Yesterday marked the 100th anniversary of the armistice which finally brought an end to World War I. Nothing like it had ever been seen in human history—a bloody inferno costing the lives of more than ten million soldiers and six million civilians with millions more permanently maimed, disfigured and injured.

But the silencing of the guns, in what was later to be falsely labelled as the “war to end all wars,” was not the end of the bloodshed and carnage. It was simply the conclusion of the first phase of what was to become a thirty-year international war between the major capitalist powers—the United States, Great Britain, France, Germany, Japan and their allies for control and domination of the world—that only came to an end in 1945, culminating in the dropping of two atomic bombs by the US on Japan.
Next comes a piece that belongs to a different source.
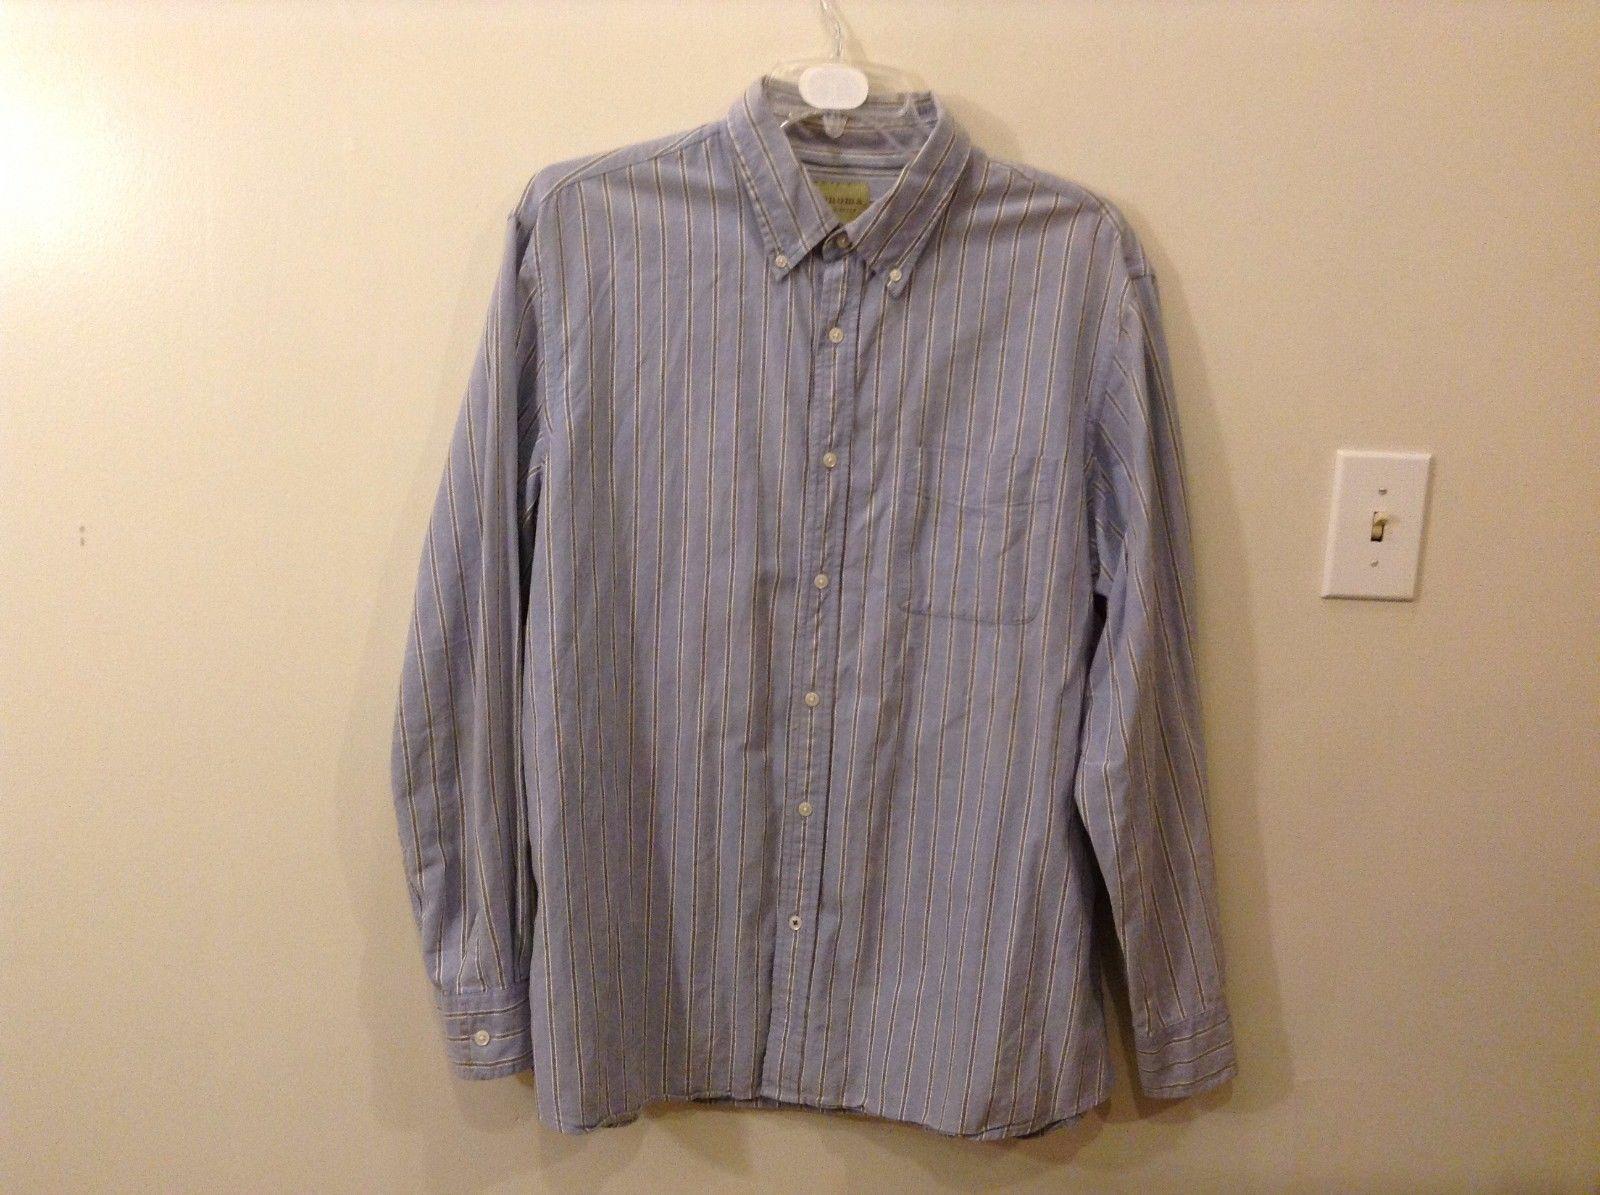 Good Condition Sonoma XL 100% Cotton Soft Blue Periwinkle Striped Button Up

In war, it has often been said, truth is the first casualty. And so it is the case here. The war of 1914–18 was not fought, as claimed by British imperialism—presiding over the greatest empire the world had ever seen—to defend the right of small nations against the depredations of Germany. Nor was it fought, as claimed by the German imperialists, to counter the barbarism of Tsarist Russia. Neither was it fought as claimed by France, allied with the Tsarist regime, to defend republican ideals against Prussian autocracy. And least of all was it a war to “make the world safe for democracy,” the fraudulent claim advanced by President Woodrow Wilson as the United States entered the conflict in April 1917 in order to ensure that the interests of rising American imperialism were advanced in the division of the spoils.

The war was waged for markets, profits, resources and spheres of influence. But this conflict itself did not simply arise from the political outlook of the various imperialist politicians. It had deeper roots in the very development of the capitalist economy. As Leon Trotsky explained, in words that ring out even more powerfully in today’s era of globalised production, the foundations of the war were to be found in the objective contradiction between the development of world economy and the division of the world into rival capitalist nation-states and imperialist great powers.

Each of the imperialist powers sought to resolve this contradiction through a bloody struggle to decide which of them would become the hegemonic world power. That conflict was to finally result—after three decades of barbarism, involving economic devastation, fascism, the Holocaust of European Jewry and the mass slaughter of World War II—in the domination of US imperialism.

Trenches of the 11th Cheshire Regiment at Ovillers-la-Boisselle, on the Somme, July 1916 [Credit: Imperial War Museum]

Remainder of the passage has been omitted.